The experts of the International Monetary Fund said yesterday, Monday, that Turkey's economy will grow by about 6% in 2021, before retreating to 3.5% in 2022, but they urged Ankara to implement additional targeted stimulus to face the repercussions of the Corona (Covid-19) argument.

The latest forecasts for GDP growth came in a statement issued by IMF experts regarding preliminary results of the fund's annual review of Turkey's economy.

These estimates are higher than previous estimates of 5% growth issued last October, as part of the Fund's update of its previous forecasts for the outlook for the global economy.

The IMF intends to update its new forecasts for the outlook for the global economy today, which had previously estimated that the Turkish economy will shrink 5% in 2020.

The IMF attributed its optimistic forecasts to the Turkish economy, including the launch of a vaccine and the continuation of the positive momentum at the end of 2020.

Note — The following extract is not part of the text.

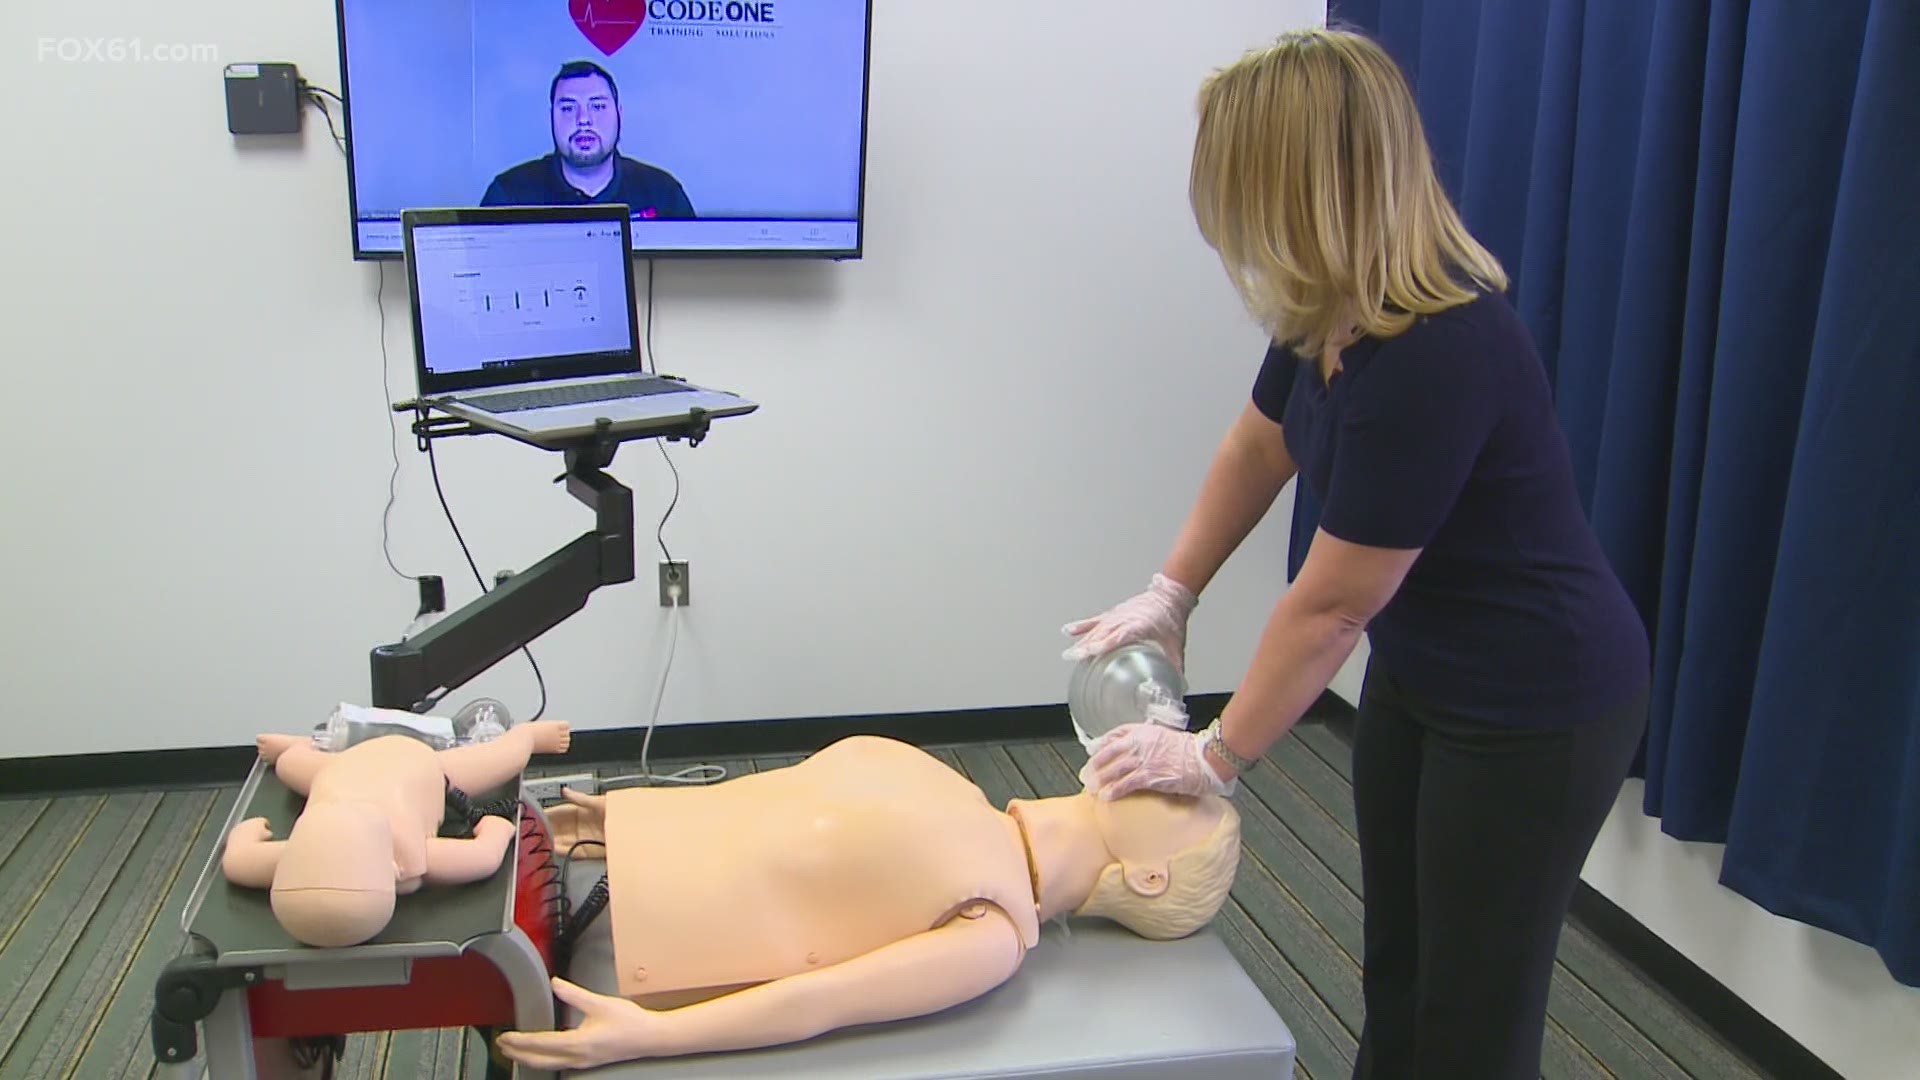 CPR training is largely “compression based” -- no more mouth to mouth resuscitation -- and that helps keep things safer, from COVID and other spreadable diseases.

And experts from Fitch Ratings said that the start of vaccination against Corona, and the reduction of restrictions and measures to combat the pandemic, will lead to an acceleration of the Turkish economy in the second half of this year.

Financial support

The IMF said that Turkey needs more "targeted and temporary" financial support despite the direct financial support measures it has implemented by only 2.5% of GDP.

"Turkey has some fiscal space to expand support in 2021, perhaps in the range of 1% of GDP. Social transfers for vulnerable families and informal workers would support the people hardest hit by the pandemic," IMF experts added.

As for inflation, IMF experts expected it to decline slightly in Turkey by the end of 2021, but it will remain above the target level.

It is expected that Turkey's current account deficit will decline to 3.5% of GDP, while largely reflecting the decline in gold imports and the limited recovery of tourism.

Yesterday, Energy Minister Fatih Donmez said that his country aims to increase its domestic production capacity of gold to 100 tons per year, or more, in the next five years.

However, the IMF experts report warned that the decline in foreign exchange reserves, in addition to the rise in external financing needs and the increase in domestic deposits in foreign currencies, are all factors that make Turkey "vulnerable to shocks and a change in sentiment."